Poster Fri, Jun 5, 2026 • 3:00 PM – 5:00 PM PDT ExHall A & F 388

Towards Sparse Video Understanding and Reasoning

Chenwei Xu ⋅ Zhen Ye ⋅ Shang Wu ⋅ Weijian Li ⋅ Zihan Wang ⋅ Zhuofan Xia ⋅ Lie Lu ⋅ Pranav Maneriker ⋅ Fan Du ⋅ Manling Li ⋅ Han Liu

Abstract

We present ReViSe (Reasoning with Video Sparsity), a framework that combines multi-round reasoning with adaptive frame selection for video question answering (VQA). Existing vision–language models (VLMs) uniformly sample video frames, which introduces redundancy or irrelevancy. In contrast, ReViSe*interactively selects informative frames through multi-round reasoning. To achieve this, ReViSe includes three modules: a multi-round conversation module that retains frame selection history as memory; a reasoning tracer that maintains a chain-of-thought across rounds; and a self-correction mechanism that enforces structural and behavioral validity.
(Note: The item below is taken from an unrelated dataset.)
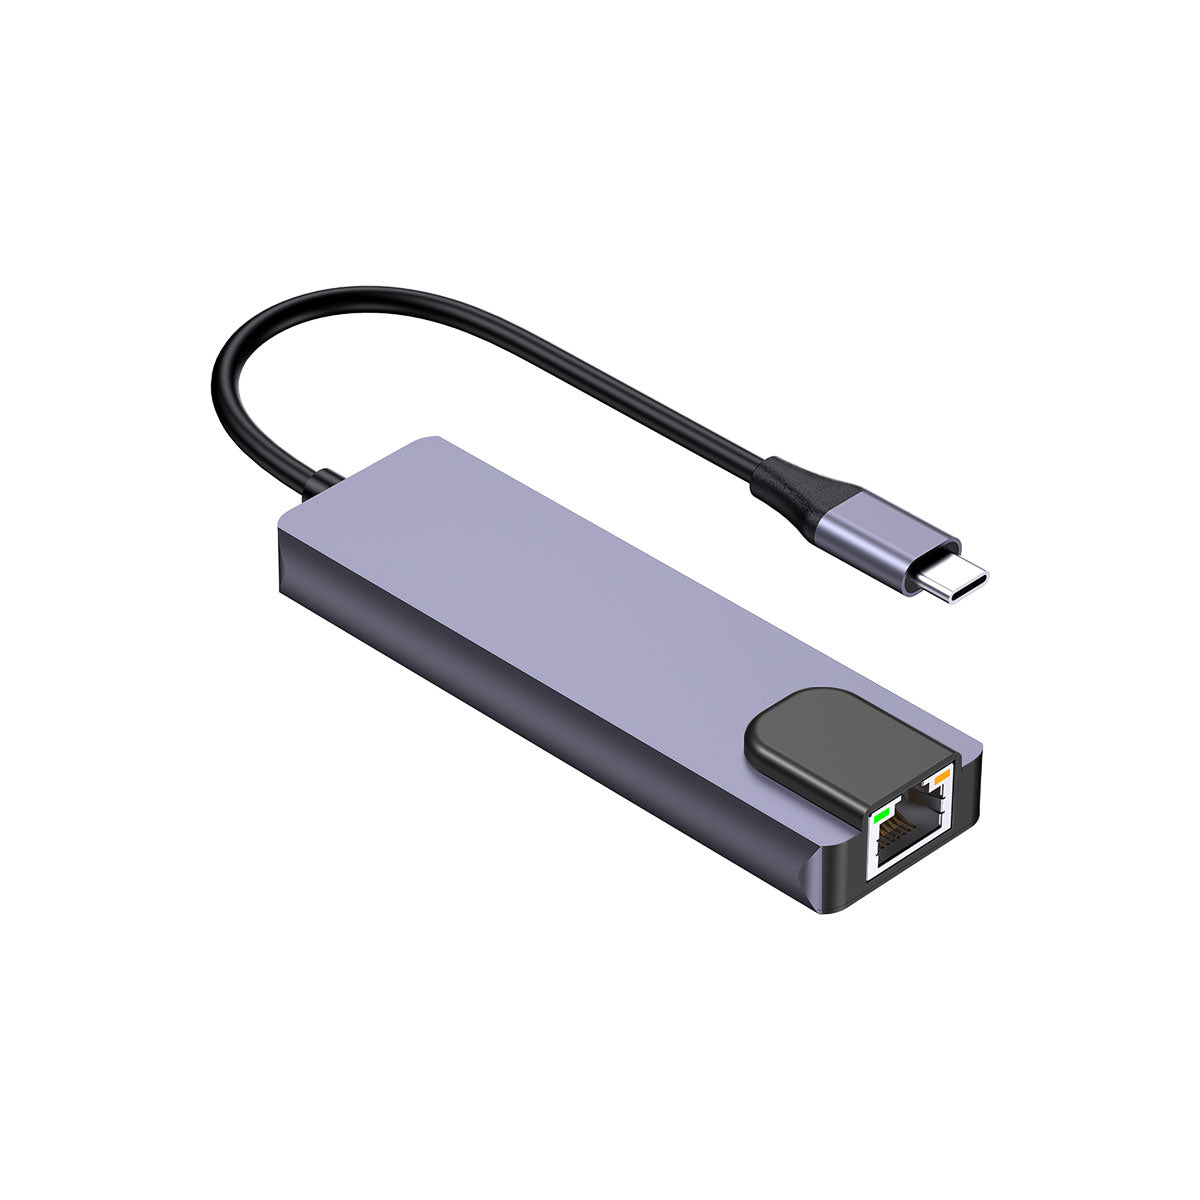 GEEKOM Mini 5 - 1 USB ハブ - 高性能AIミニＰＣ - 【公式】GEEKOM(ギコム)日本

ReViSe integrates seamlessly with both proprietary and open-source VLMs. It supports proprietary models in a “plug-and-play” manner and enables reinforcement fine-tuning for open-source models. Experiments on multiple VQA benchmarks show that ReViSe improves the video understanding ability of VLMs by improving accuracy while reducing the number of frames used.